Speaking of rain forests, my husband brought home a tree last week. A house tree. Working in the apartment industry, there are often remodels of office space, model apartments and common areas. And often, there are knick knacks that are either thrown out, or free (or close to free) for the taking. This has been a benefit to us in the past. A little worn coach for a token $50 just because someone decided a new look in the model would show better online? Sure! For $50, our kids can definitely destroy that (one day we’ll have nice things…)! Random ugly framed art? Free frames! Totally worth sitting in our basement until the right artwork comes around. I’m on board. What about a house tree? Where would we put it?, I ask. It’s not that we live in a shoebox, but we definitely seem to have exceeded our stuff allotment. It’s a tree!, my husband says. We can’t just let them throw out a tree. And in principle, I agree. A tree should be respected and tended. Except that now there is an 8-foot tree in my living room. We’ll give it a week, my husband says. Maybe two. Just to see.
It seems petty to mention that the real, live, growing tree is covering up my black vinyl sticker tree. My husband says that’s actually the best part, not because he hates vinyl sticker trees (I don’t think), but because you can see the blue birds right through the real tree’s branches! So it’s a tree within a tree! You like trees, he points out. Our whole living room was full of pictures of trees, anyway. And this is true. In two weeks, I probably won’t even remember a time when there wasn’t an 8-foot tree in my living room.

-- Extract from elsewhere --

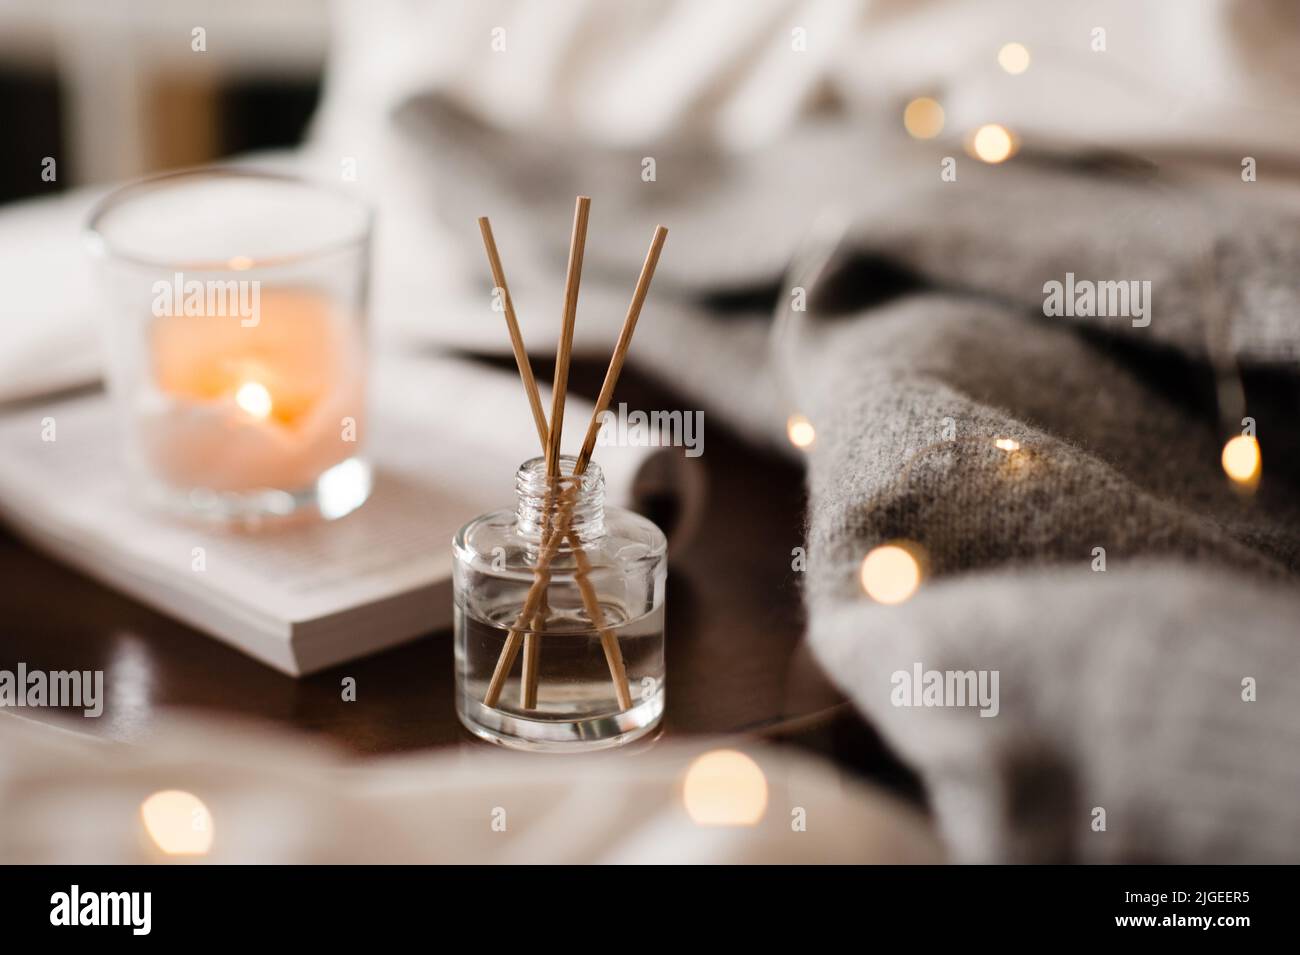 Home liquid fragrance on open paper book and burning scented candle on wooden tray and knit cloth sweater in bed close up. Cozy atmosphere. Stock Photo

In any case, I had far greater issues. This weekend while I was leaving the grocery store, I suddenly realized that I was ridiculously dehydrated. Luckily, the grocery store is one of the best places to realize that, and I actually had a 12-pack of sparkling water right in my very own cart. Being a woman of action, I immediately solved the hydration issue, but at unanticipated peril to my hand. A cardboard cut. The worst of the small but horrible cut variety. And right on my pinky! Do you know how often you use your pinky? Especially if you work in an office, with a keyboard? About eleventy-million times a day. Thank goodness my daughter had had an injury just horrible enough herself, earlier in the day, to need about 25 seconds of ice on the way to her soccer game. That ice, long since melted, but now a snack baggie of clean water in a grocery store parking lot, served as the first aid I needed to keep my limb and continue home. But seriously, eleventy-million times a day.
In tonight’s game of child care and activity hot potato, we had family dinner at the rec center between my oldest’s dance classes, as one does on a Tuesday. If I left work by 5:30, I could definitely make it on time. At 5:37, I was still feeling pretty optimistic. Four kids burrito bowls from Qdoba, please. All with chicken, rice, pico and black beans, but all four with a different combination of queso, guacamole, cheese, and sour cream. And I realized, just for a moment, before I went back to being someone’s harried co-worker and mother and living life off a post-it note (dammit, another day where I didn’t renew those unread library books), that my puzzle pieces aren’t just indistinguishable shades of blue and green, even though sometimes they feel exactly like a turbulent ocean. My puzzle pieces are growing up right before my eyes, with growing preferences and senses of humor and talents and personalities and clear opinions on sour cream. How lucky am I to be sorting through these pieces and getting to know them well enough to fit them together.
Although, I admit, 20 minutes later, my zen had evaporated just enough that I was still kinda annoyed to realize that these were definitely my husband’s socks:
But whether it’s the beginnings of a forest in my living room (we’ll appreciate the extra oxygen come February), or home-spun philosophy found in the plating of a burrito bowl, I’m going to try to remember it’s usually best to accept the pieces as they come, even though some fit more easily than others. And to appreciate especially when there are literally random pieces. This is what my youngest left behind when she went to bed. Sight word homework, a Darth Vader head, an amethyst with a buffalo on it, and some Playdoh. I feel like that sums things up pretty well. My puzzle is a long way from complete, but really, I wouldn’t want to finish it anytime soon, anyway.